Maximum revenue: €1,250,000

Part d: Price for maximum revenue

\[p = 100 - 2(25) = 100 - 50 = 50\]

Price: €50 per unit

Problem 15: Optimization with Constraint (xxxx)

A farmer has 100 meters of fencing and wants to enclose a rectangular area next to a river (so fencing is needed on only three sides).

  1. Express the area \(A\) as a function of the width \(x\) perpendicular to the river.

  2. What dimensions maximize the enclosed area?

  3. What is the maximum area?

Part a: Area function

Let \(x\) = width perpendicular to river, \(y\) = length parallel to river

Fencing constraint: \(2x + y = 100\) (two widths + one length)

So: \(y = 100 - 2x\)

Area: \(A(x) = xy = x(100 - 2x) = 100x - 2x^2\)

Part b: Dimensions for maximum area

\[A'(x) = 100 - 4x\]

Set \(A'(x) = 0\): \[100 - 4x = 0\] \[x = 25\]

Then: \(y = 100 - 2(25) = 50\)

Verify: \(A''(x) = -4 < 0\) → maximum ✓

Dimensions: 25 m × 50 m

Part c: Maximum area

\[A(25) = 100(25) - 2(25)^2 = 2500 - 1250 = 1250\]

Maximum area: 1250 m²

Problem 16: Inventory Optimization (xxxx)

A store sells 1000 units per year of a certain product. The ordering cost is €20 per order, and the holding cost is €5 per unit per year.

The Economic Order Quantity (EOQ) model gives the total annual cost as: \[C(x) = \frac{1000 \cdot 20}{x} + \frac{x \cdot 5}{2} = \frac{20000}{x} + 2.5x\]

where \(x\) is the order size.

  1. Find the order size that minimizes total cost.

  2. What is the minimum total annual cost?

  3. How many orders should be placed per year?

Part a: Optimal order size

\[C'(x) = -\frac{20000}{x^2} + 2.5\]

Set \(C'(x) = 0\): \[2.5 = \frac{20000}{x^2}\] \[2.5x^2 = 20000\] \[x^2 = 8000\] \[x = \sqrt{8000} = 20\sqrt{20} = 20 \cdot 2\sqrt{5} = 40\sqrt{5} \approx 89.44\]
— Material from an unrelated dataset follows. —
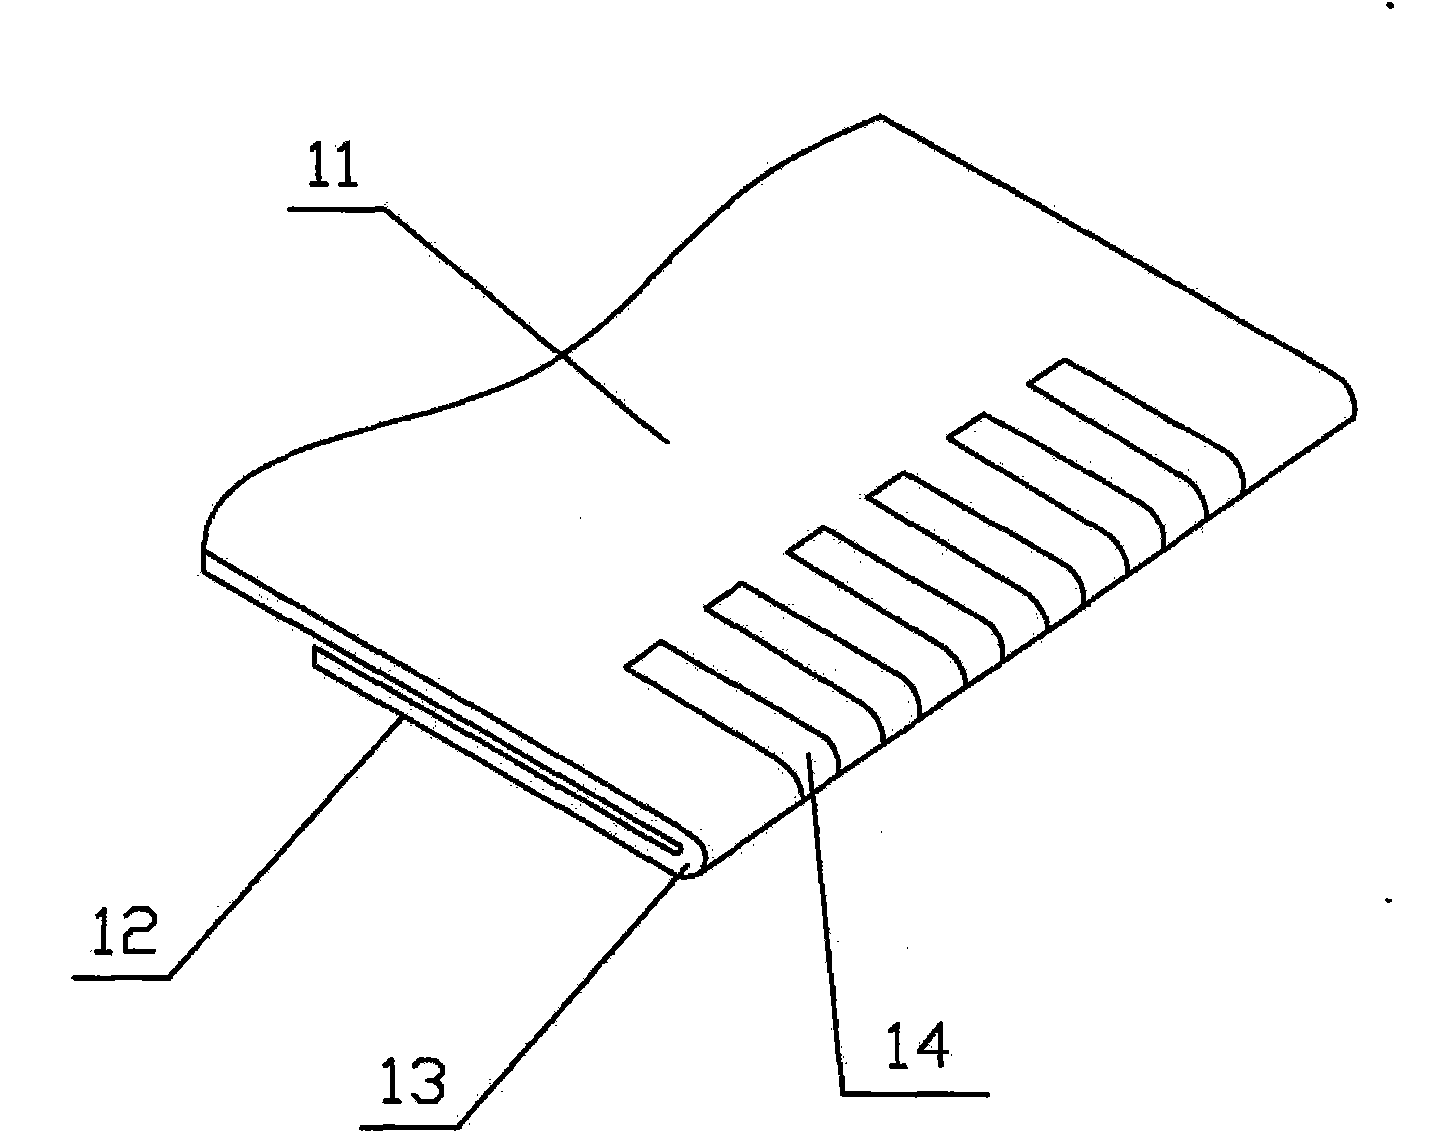 Flexible circuit board, and mechanism and method for connecting flexible circuit board and printed circuit board

Verify: \(C''(x) = \frac{40000}{x^3} > 0\) for \(x > 0\) → minimum ✓

Optimal order size: approximately 89 or 90 units

Part b: Minimum total cost

\[C(40\sqrt{5}) = \frac{20000}{40\sqrt{5}} + 2.5(40\sqrt{5})\] \[= \frac{500}{\sqrt{5}} + 100\sqrt{5} = \frac{500\sqrt{5}}{5} + 100\sqrt{5}\] \[= 100\sqrt{5} + 100\sqrt{5} = 200\sqrt{5} \approx 447.21\]

Minimum annual cost: approximately €447

Part c: Number of orders per year

\[\text{Number of orders} = \frac{\text{Annual demand}}{\text{Order size}} = \frac{1000}{40\sqrt{5}} = \frac{25}{\sqrt{5}} = 5\sqrt{5} \approx 11.18\]
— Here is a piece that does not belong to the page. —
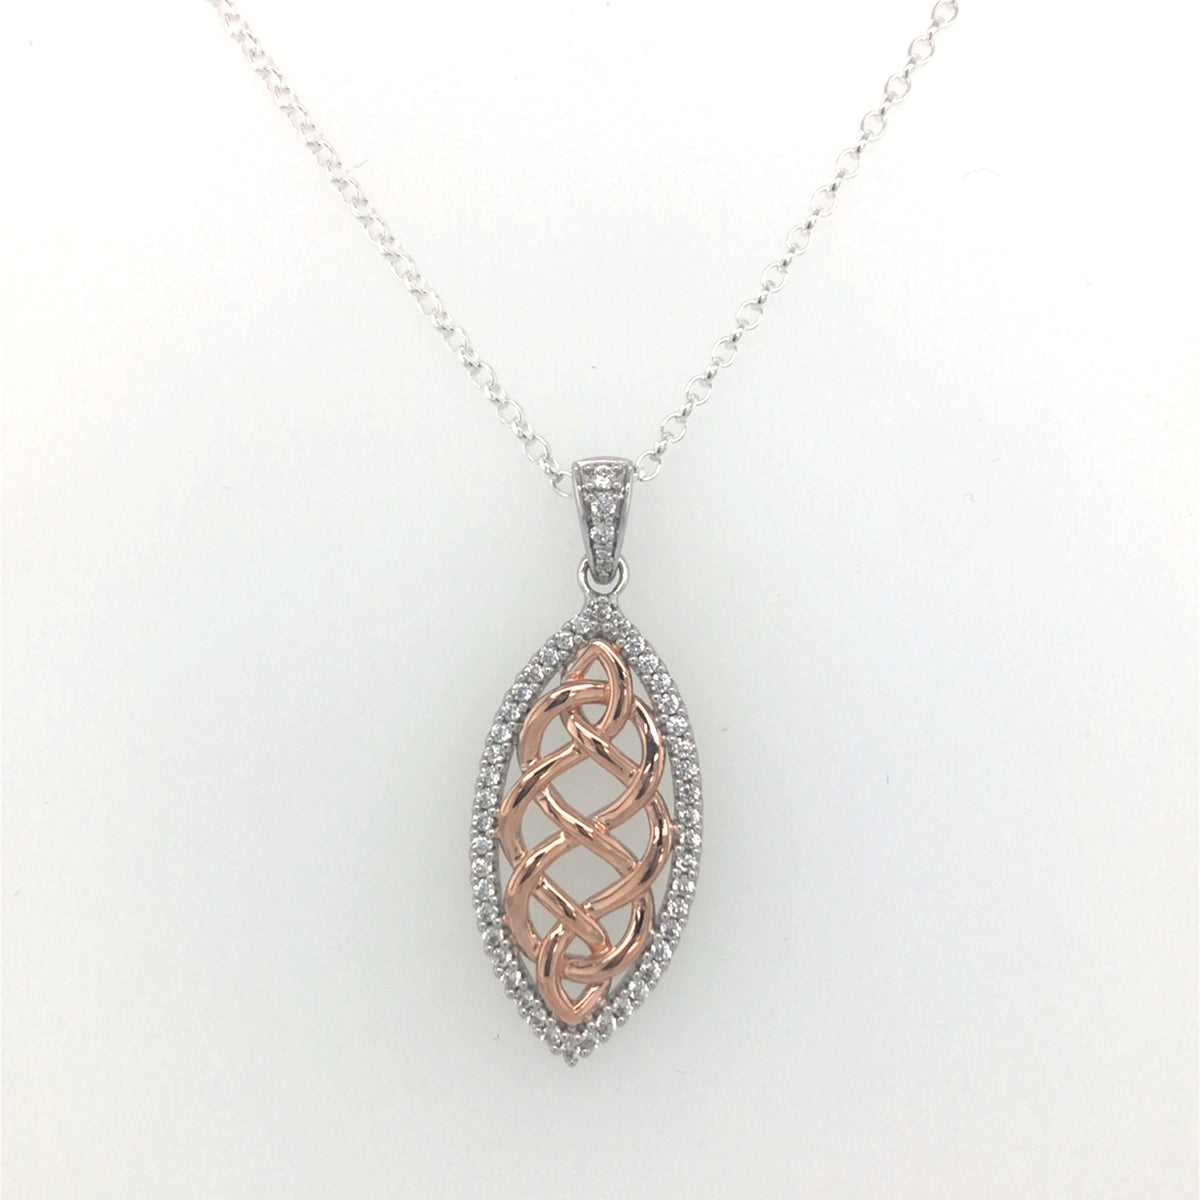 Sterling Silver Pendant with Rose Gold Celtic Deign

Approximately 11 orders per year

Important:

  1. Always verify critical points using derivative tests
  2. Don’t forget to check endpoints when finding global extrema
  3. The 6-step algorithm provides a systematic approach to curve sketching
  4. Business problems require careful setup of objective functions and constraints
  5. Both first and second derivatives provide essential information about function behavior

Exam Preparation:

  • Practice the curve sketching algorithm until it becomes automatic
  • Master both derivative tests and know when to use each
  • Always verify that your critical points are actually maxima or minima!